Code Quality — The App Store Lens
As an indie developer, code quality means: does it pass review, does it crash, does it drain battery? Here's how each tool performs on those measures.
Antigravity generates iOS code that handles background tasks and memory management thoughtfully. It actively uses modern SwiftUI APIs and tends to include the privacy usage descriptions that App Store review requires. I noticed fewer review rejections after switching to Antigravity for the core implementation layer — it seems to internalize Apple's guidelines better than the alternatives.
Cursor produces well-structured code that scales. Large codebases stay consistent because Cursor is good at understanding and respecting existing patterns. The gap: iOS-specific edge cases (Safe Area handling, iPad multi-window, Widgets) need explicit prompting. Tell it, and it handles it correctly. Don't tell it, and you'll miss things.
Bolt is fast. The generated code works. But "works" and "production-ready" aren't the same thing. In my experience, Bolt output needs a cleanup pass before App Store submission — unoptimized network calls, occasional force-unwraps in Swift, sometimes outdated API usage. Best used for prototypes where you're validating an idea, not the final implementation.
Lovable excels at design. The UI components it generates are often the most polished of any tool. The weakness is native API integration — anything beyond standard web components requires significant manual work. Powerful for web products and landing pages; limited for native iOS/Android.
Implementation Speed: A Real Test
I ran the same task across all four tools: add user authentication with email and Apple Sign In to an existing iOS app.
Antigravity — about 90 minutes. The agent handled Firebase Authentication setup and Swift implementation nearly autonomously. One manual fix was needed: the Keychain token storage pattern it generated was from an older convention. That took 10 minutes to correct.

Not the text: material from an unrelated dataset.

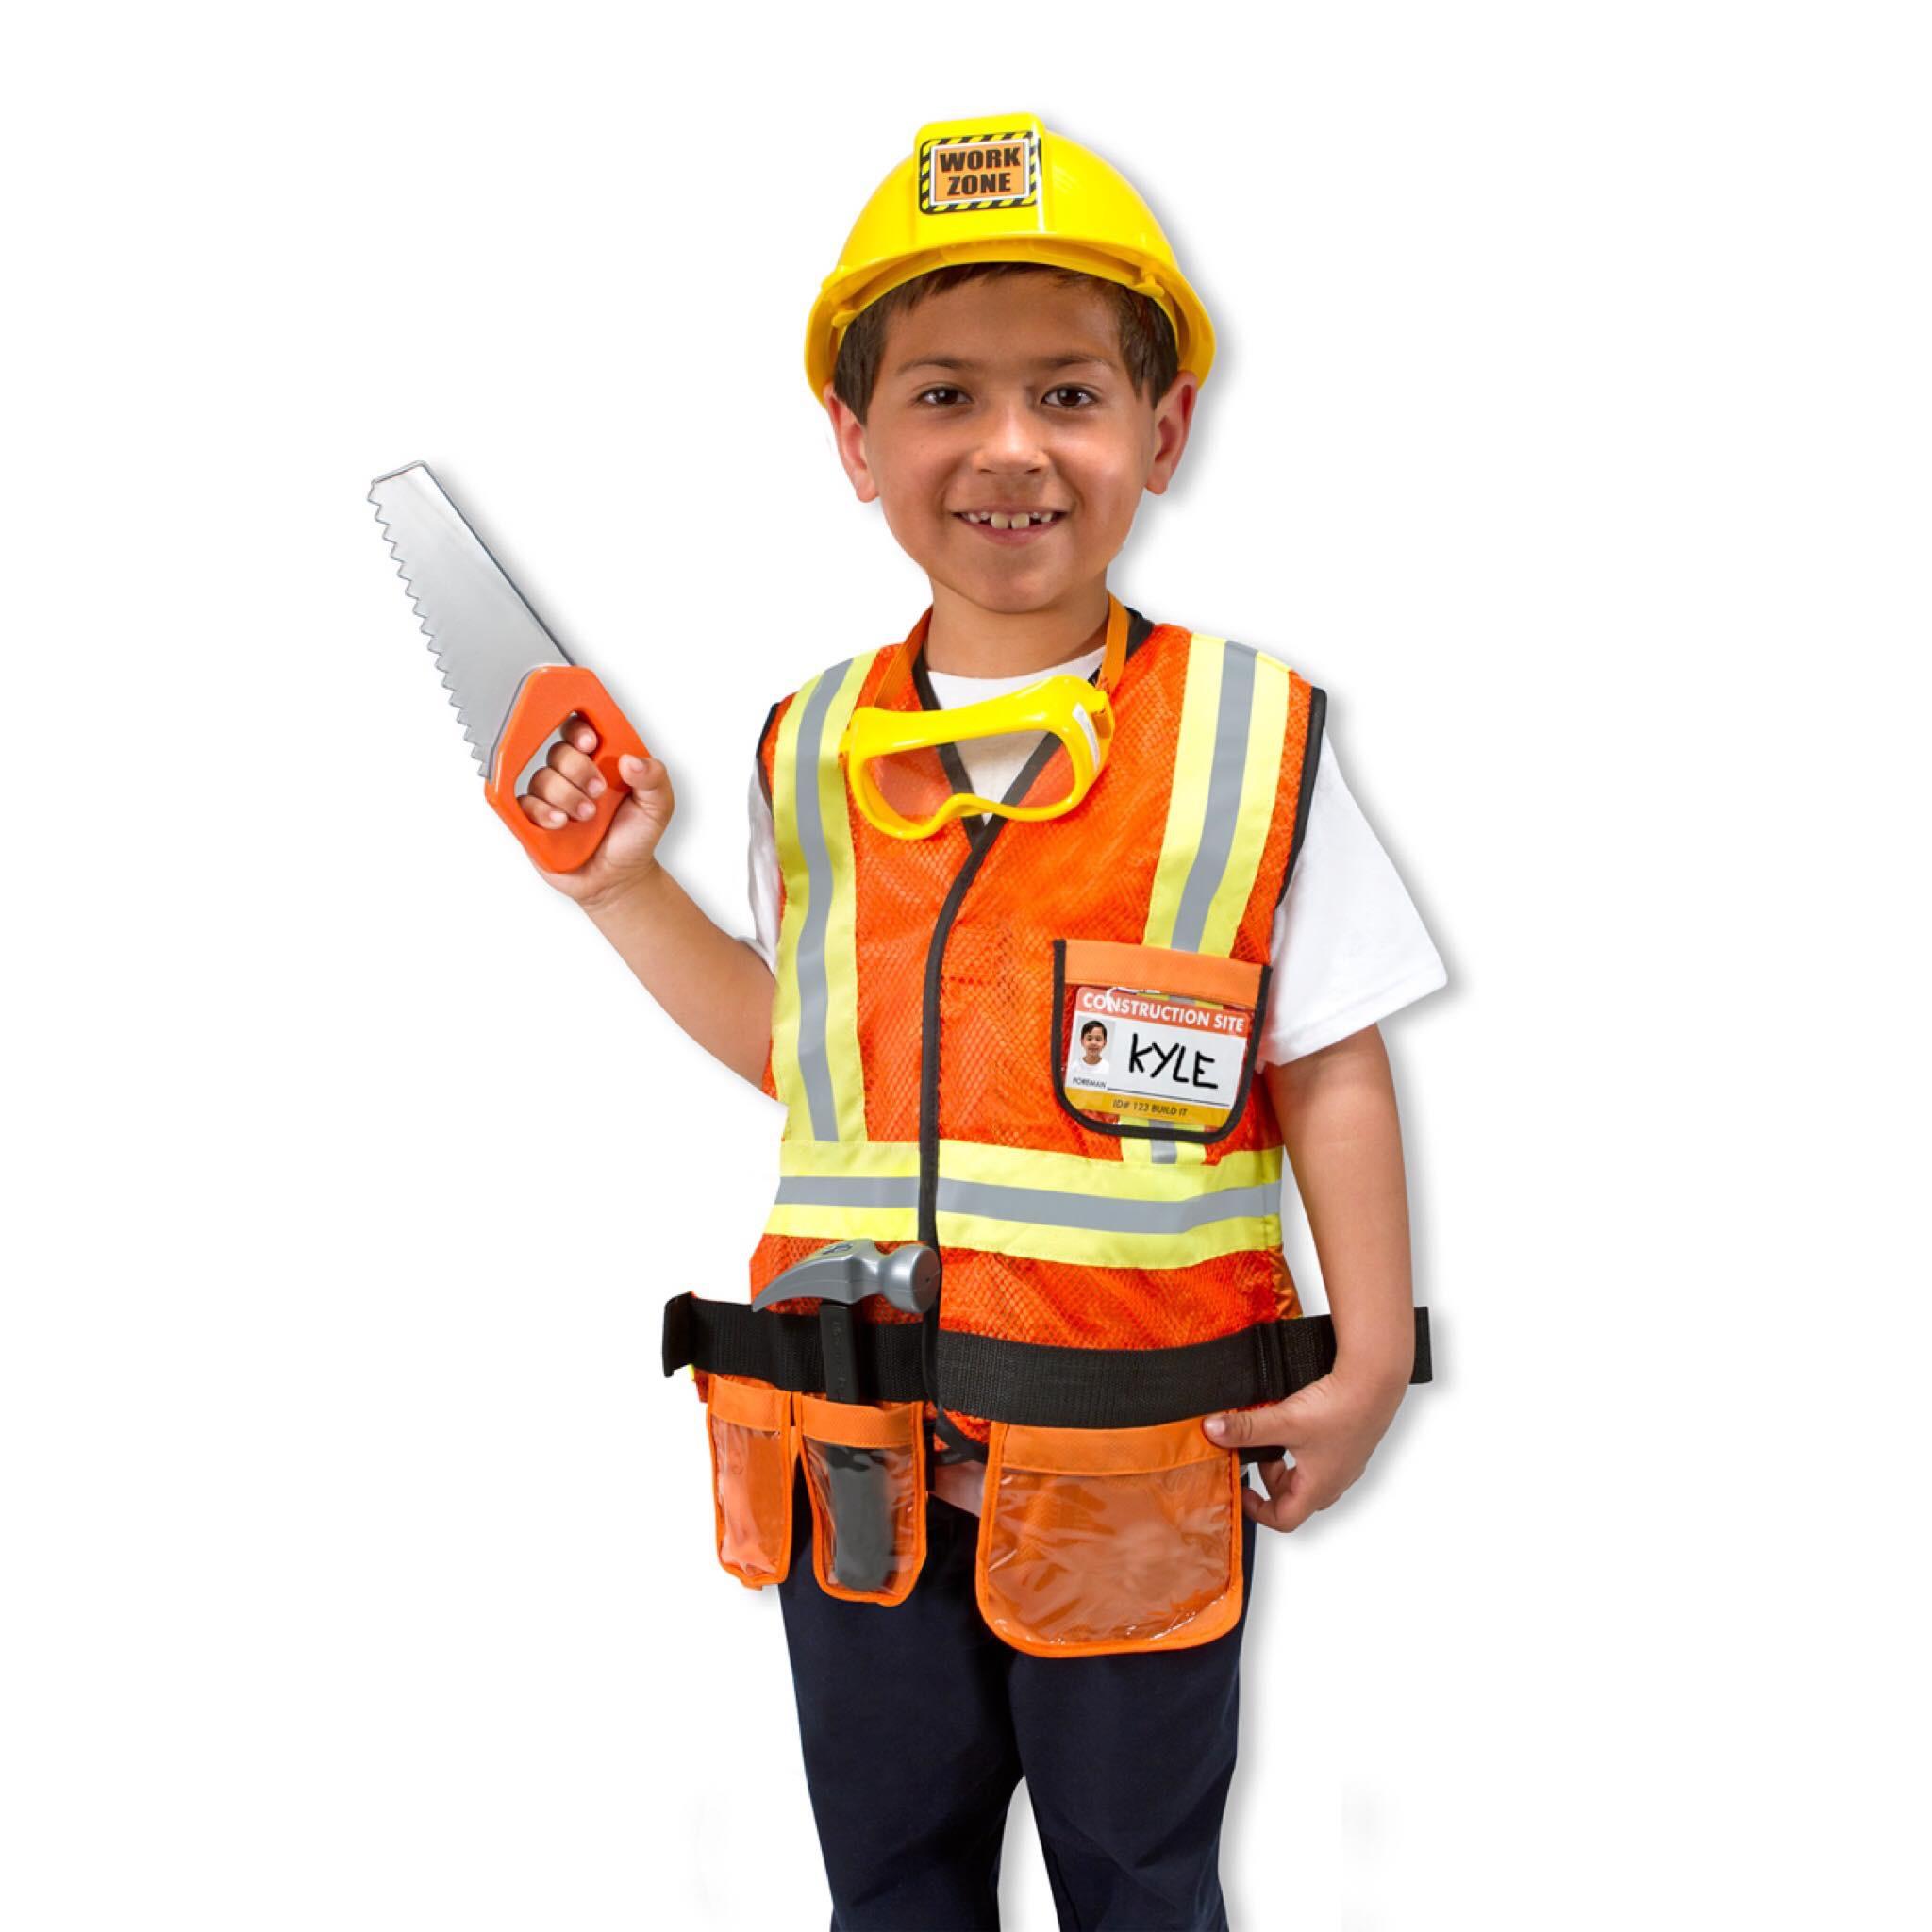 ชุดแฟนซีคอสตูมพร้อมอุปกรณ์สุดน่ารัก Melissa & Doug รุ่น Role Play Costume Set (Construction Worker)

Cursor — about 2 hours. Code quality was high and the step-by-step explanations were helpful. A few configuration file adjustments needed manual attention. Best tool for learning while implementing.
Bolt — 45 minutes of generation, plus 2 hours of adaptation. Bolt got to a working prototype fast, but it assumed a web architecture. Adapting that to native iOS added time that erased the speed advantage.
Lovable — about 1 hour, with caveats. The UI looked great immediately. The Apple Sign In implementation was delegated to a third-party service recommendation rather than native implementation. Had to rewrite that part from scratch.
A Framework for Choosing
Based on six months of real use, here's how I'd direct someone choosing a tool:
Native iOS or Android app (long-term project): Antigravity. The native API knowledge, App Store awareness, and context retention across long sessions make it the most reliable choice for shipping apps.
Web app or full-stack service (React/Next.js): Cursor. TypeScript support, consistent code style, and team-friendly patterns make it the professional choice for web.
Prototype or demo (need something working within 72 hours): Bolt. The speed is real. Just plan for a cleanup pass before production.
Design-heavy web product or landing page: Lovable. Nothing else generates UI this polished this quickly.
Using Multiple Tools Is the Smartest Strategy
After six months, my workflow uses all four tools, each for what it's best at. Initial concept validation with Bolt, core implementation with Antigravity or Cursor depending on the target platform, design polish reviews with Lovable.
None of these tools are static — they're all meaningfully different from six months ago. Holding strong opinions about which is "best" is less useful than staying flexible and matching the tool to the project. That's where the efficiency gain actually lives.
One Cost-Saving Tip That Works Across All Tools
The single most effective way to reduce monthly spend is context management: create a new session for each discrete feature rather than extending a single conversation indefinitely. Token consumption drops significantly, and the quality of responses often improves because the context is focused.
Every tool charges based on what you send. Sending everything every time is the most common way to overspend.